Rapid Ore Characterization (ROC)
PMCʼs Rapid Ore Characterization (ROC) package provides quick turnaround, semi-quantitative data for preliminary evaluation of mineral processing product streams. A single "As Received" sample is examined using a TIMA Scanning Electron Microscope looking at mineral types and abundance, mineral associations, liberation and surface area exposure, elemental deportment and grain size analysis. Combining multiple samples across the process allows for rapid auditing.
Size-by-Size Mineralogy
The size-by-size analysis approach is a well established mineralogical method providing the same characterization information as the Rapid Ore Characterization except avoids the risk of bias from the wide range of particle sizes by screening samples into different size fractions to be analyzed separately.

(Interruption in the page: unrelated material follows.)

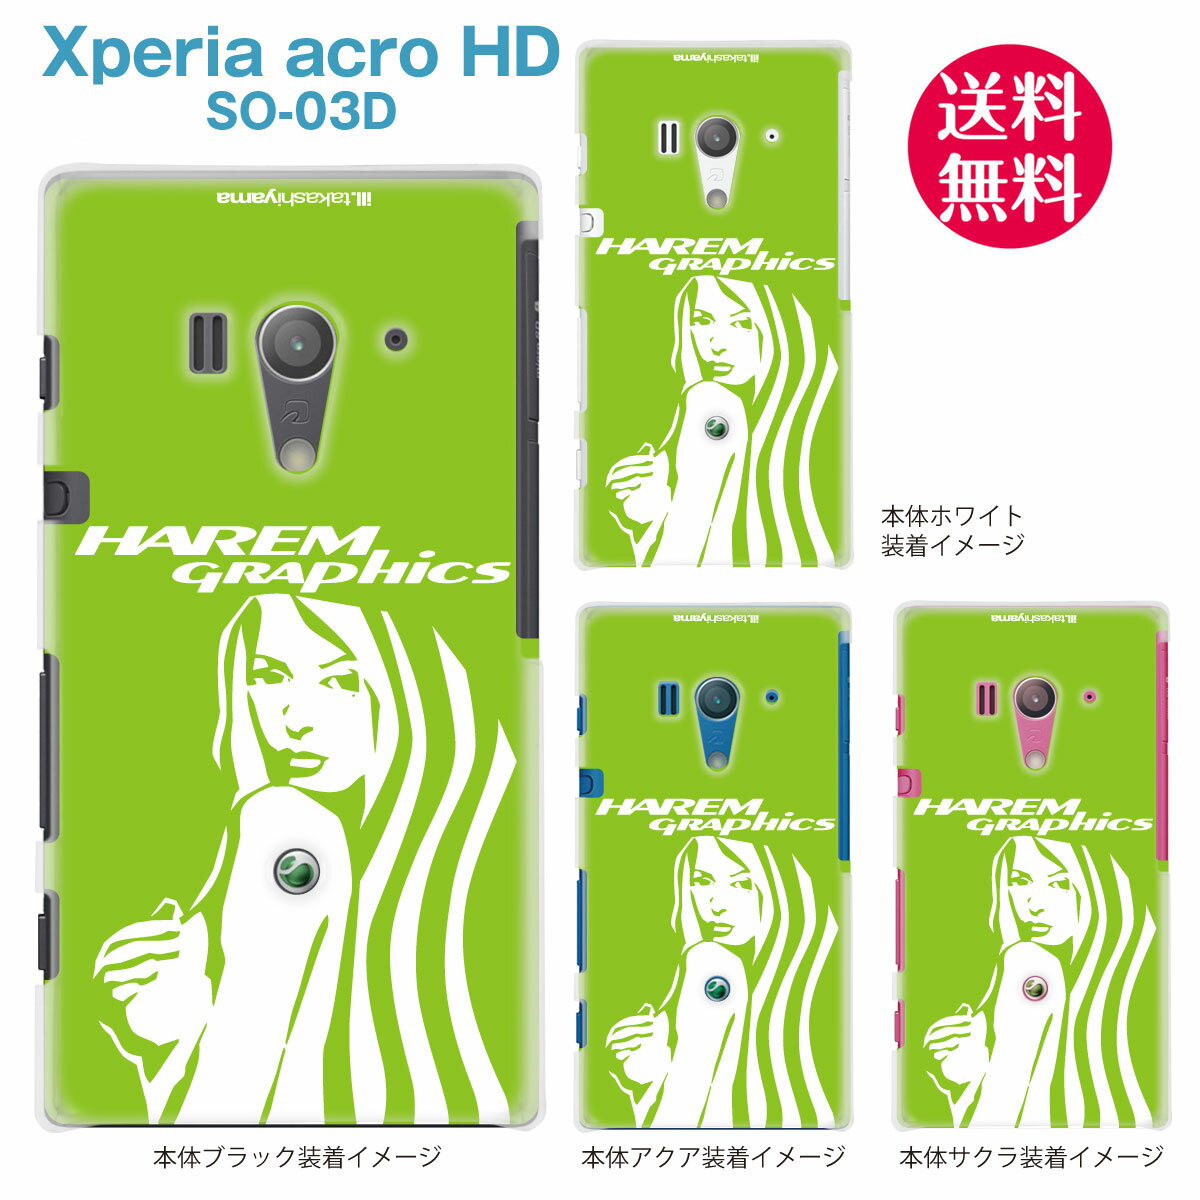 【HAREM GRAPHICS】【Xperia acro HD SO-03D】【docomo】【au】【IS12S】【ケース】【カバー】【スマホケース】【クリアケース】 hgx-so03d-0019b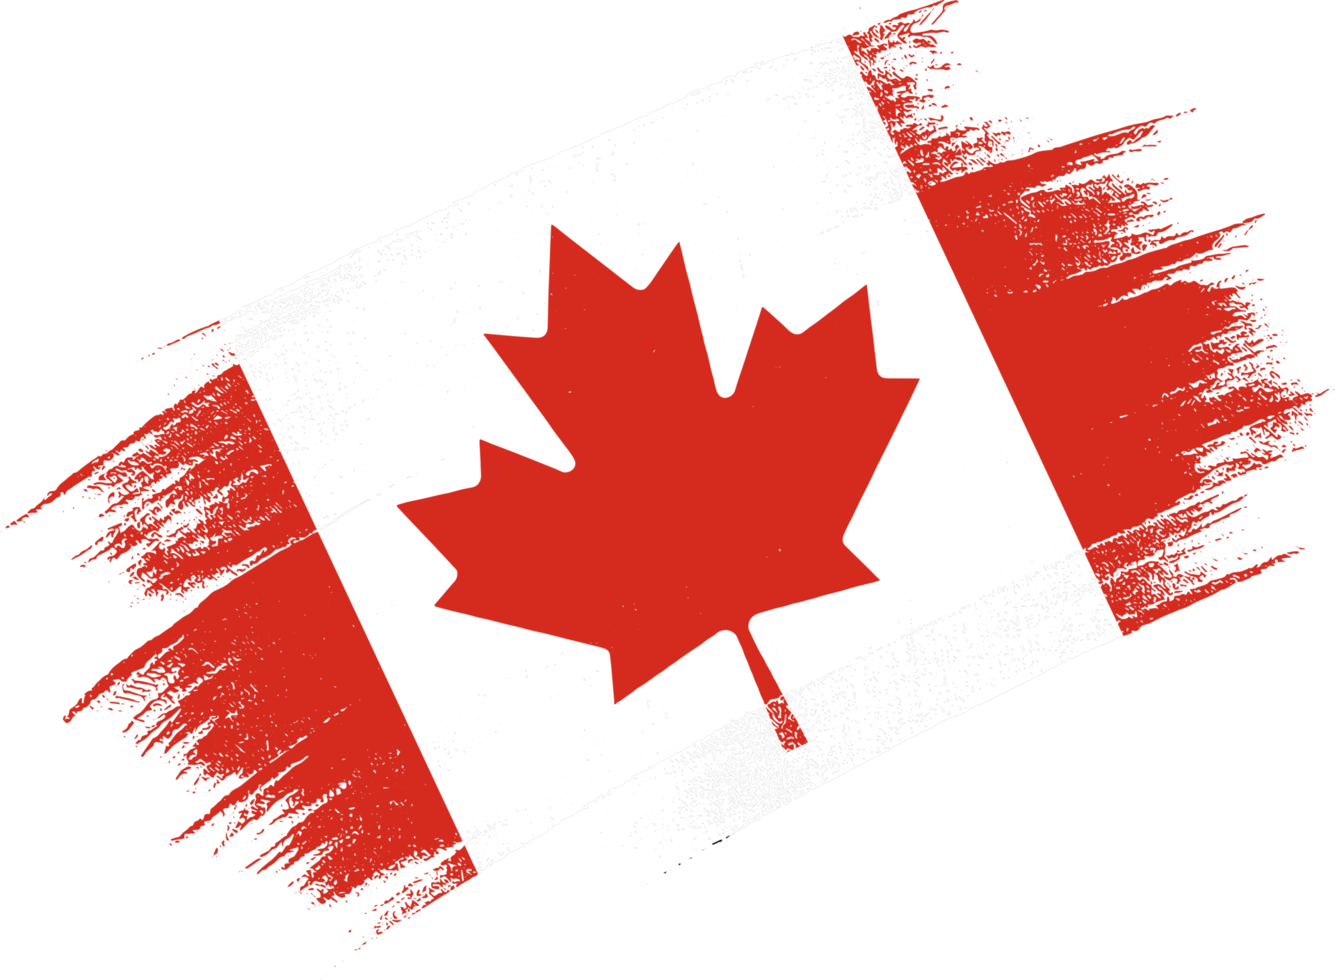 Canada bandiera con spazzola dipingere strutturato isolato su png o trasparente sfondo

The additional information provides valuable insights by identifying and quantifying factors that control ore behaviour during processing and tailings disposal. Grind Size prediction and Grade-Recovery predictions are achievable using this methodology and have been proven accurate to laboratory and plant performance. Key to this approach is the integration of analytical, sampling and other cross-disciplinary heuristics to ensure high-precision and accurate data.
Gold Deportment
Many approaches can be taken to characterize the ore which may occur as complex fine grained gold, ultra-fine grained gold, coarse nuggety gold and complex As-rich refractory gold. The approach taken will be dictated by the nature of the ore or plant product, the amount of sample material available, the gold grade and the grain size distribution. For operating plants it is an opportunity to understand feed conditions and gold losses.
In the case of initial gold showings and early deposit drilling a reasonably comprehensive study should be undertaken to provide maximum mineralogical information that can assess the future drilling, and impact on the future processing circuit and recovery. An initial detailed characterization can be carried out on selected representative ore types chosen to provide reasonable coverage of the gold grade range present as well as geological and / or mineralogical differences that may be present.
Geometallurgy
Geometallurgy is the combination of geology, geostatistics, and extractive metallurgy to create a predictive model for an Orebody and Operation over the life of the orebody. This entails a cross-disciplinary approach to address complexities in an ore body and ore/processing interdependencies to understand and optimize the resource economics.